14.      Guarantor agrees to provide to SunTrust updated financial information,
         including, but not limited to, tax returns and current financial
         statements in form satisfactory to SunTrust, as well as additional
         information, reports or schedules (financial or otherwise), all as
         SunTrust may from time to time request.

15.      Notwithstanding the fact that the Obligations of Borrower may have been
         paid in full and this guaranty may have been returned to Guarantor, the
         obligations of Guarantor hereunder shall continue in full force and
         effect with respect to any amounts that SunTrust may ever be required
         to repay under any Bankruptcy or insolvency laws.

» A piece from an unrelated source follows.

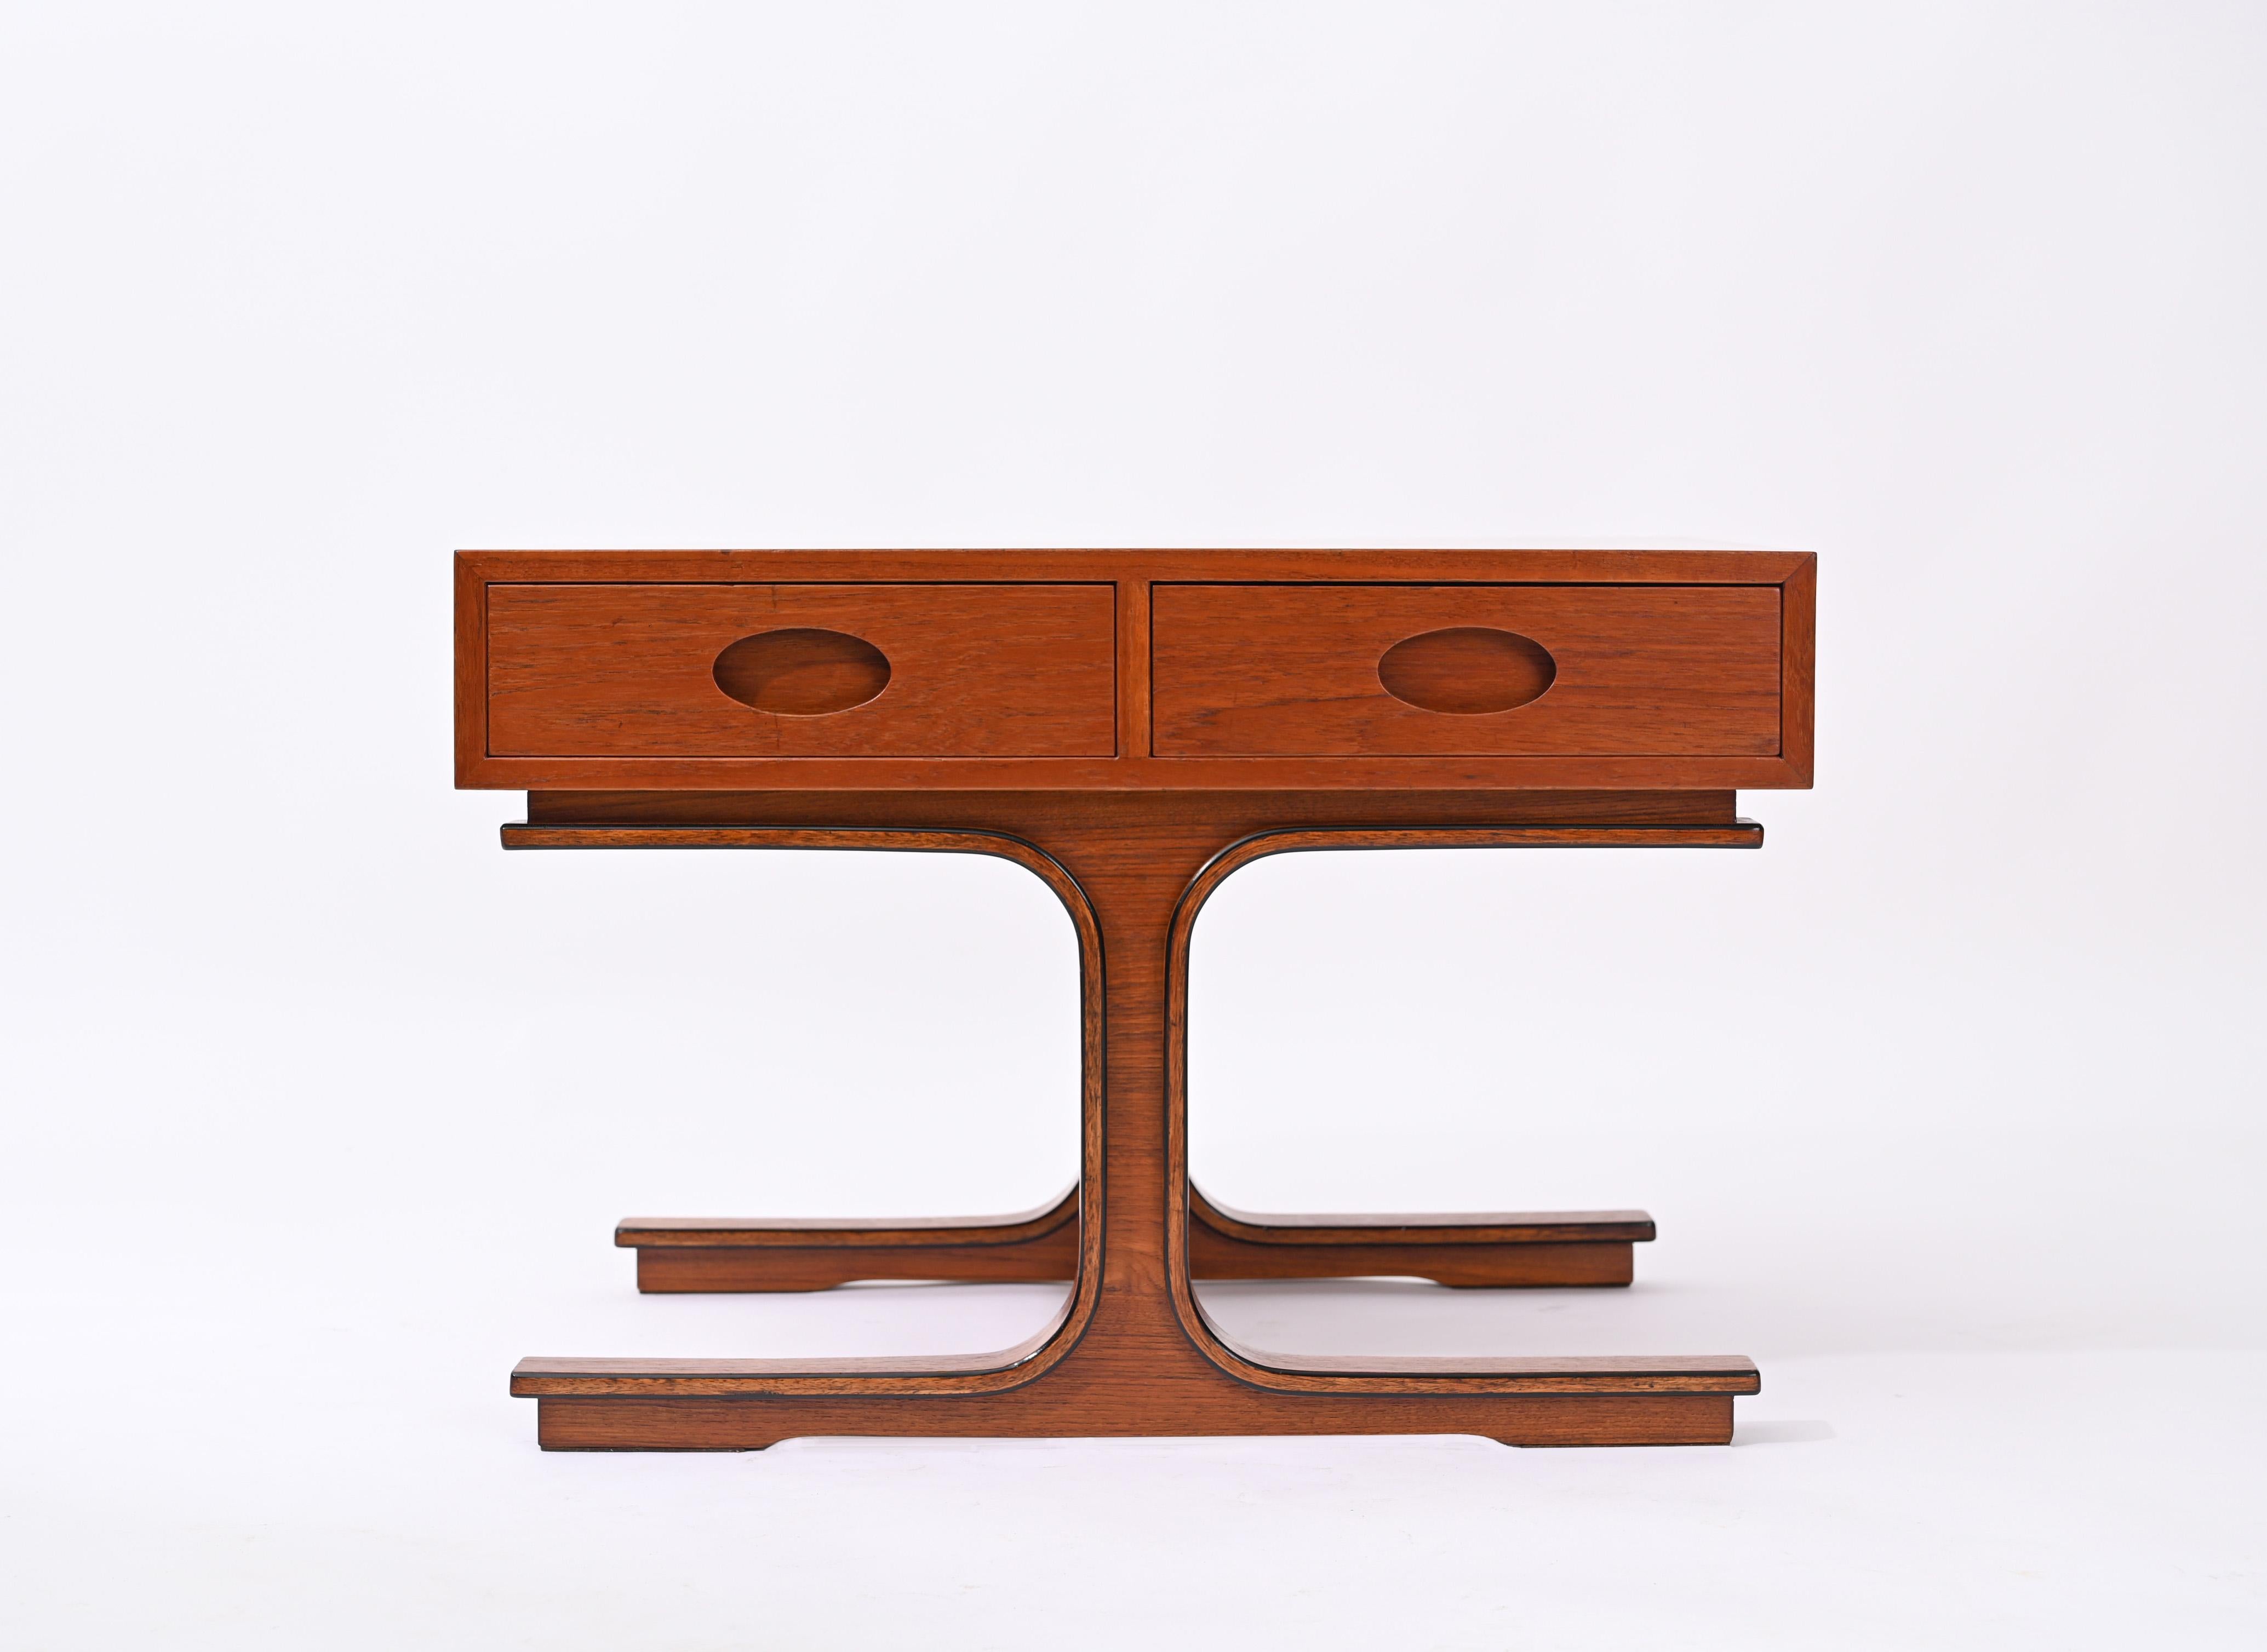 Étonnante table basse mod. 554 conçue par Gianfranco Frattini en 1957 pour Bernini. Polyvalent et élégant 

Cette table basse incroyablement élégante comporte deux tiroirs avec poignées sculptées et  les deux jambes courbes emblématiques sont

16.      This guaranty shall not be construed to impose any obligation on
         SunTrust to extend or continue any credit at any time.

17.      Each reference herein to SunTrust shall be deemed to include its
         successors and assigns, in whose favor the provisions of this guaranty
         shall also inure. Each reference herein to Guarantor shall be deemed to
         include heirs, executors, administrators, legal representatives,
         successors and assigns, all of whom shall be bound by the provisions of
         this guaranty.






18.      Guarantor agrees that certain material events and occurrences relating
         to this guaranty bear a reasonable relationship to the laws of
         Virginia. This guaranty shall be governed by the laws of Virginia and,
         unless applicable law provides otherwise, in the event of any legal
         proceeding arising out of or related to this guaranty, the Guarantor
         consents to the jurisdiction and venue of any court located in
         Virginia. To the extent that any provision in this guaranty is
         inconsistent with applicable law, SunTrust will comply with applicable
         law.

19.      Guarantor hereby duly constitutes and appoints R. Grayson Goldsmith and
         William H. Tuttle as its true and lawful attorney-in-fact in its name,
         place and stead, and upon the occurrence of an event of default, to
         confess judgment against it in the Circuit Court for the Roanoke,
         Virginia, upon this guaranty and all amounts owed hereunder, including
         all costs of collection, attorneys' fees and court costs, hereby
         ratifying and confirming the acts of the attorney-in-fact as if done by
         itself, expressly waiving benefit of any homestead or other exemption
         laws.

WAIVER OF JURY TRIAL. GUARANTOR AND SUNTRUST HEREBY KNOWINGLY, VOLUNTARILY,
INTENTIONALLY, AND IRREVOCABLY WAIVE, TO THE FULLEST EXTENT PERMITTED BY
APPLICABLE LAW, THE RIGHT EITHER OF THEM MAY HAVE TO A TRIAL BY JURY IN RESPECT
TO ANY LITIGATION, WHETHER IN CONTRACT OR TORT, AT LAW OR IN EQUITY, BASED
HEREON OR ARISING OUT OF, UNDER OR IN CONNECTION WITH THIS GUARANTY AND ANY
OTHER DOCUMENT OR INSTRUMENT CONTEMPLATED TO BE EXECUTED IN CONJUNCTION WITH
THIS GUARANTY, OR ANY COURSE OF CONDUCT, COURSE OF DEALING, STATEMENTS (WHETHER
VERBAL OR WRITTEN) OR ACTIONS OF ANY PARTY HERETO. THIS PROVISION IS A MATERIAL
INDUCEMENT FOR SUNTRUST ENTERING INTO OR ACCEPTING THIS GUARANTY. FURTHER,
GUARANTOR HEREBY CERTIFIES THAT NO REPRESENTATIVE OR AGENT OF SUNTRUST, NOR
SUNTRUST'S COUNSEL, HAS REPRESENTED, EXPRESSLY OR OTHERWISE, THAT SUNTRUST WOULD
NOT, IN THE EVENT OF SUCH LITIGATION, SEEK TO ENFORCE THIS WAIVER OF RIGHT TO
JURY TRIAL PROVISION.

The undersigned Guarantor has read, understands and agrees to the provisions of
this guaranty and has executed the same voluntarily, with full authority and
with the intent to be legally bound by its terms, conditions and obligations.


RGC Resources, Inc.


By:s/John B. Williamson, III

John B. Williamson, III, Chairman/CEO
Name and title, printed or typed

The corporate name must be signed by a duly authorized officer, and SunTrust
files must contain a corporate resolution authorizing the guaranty.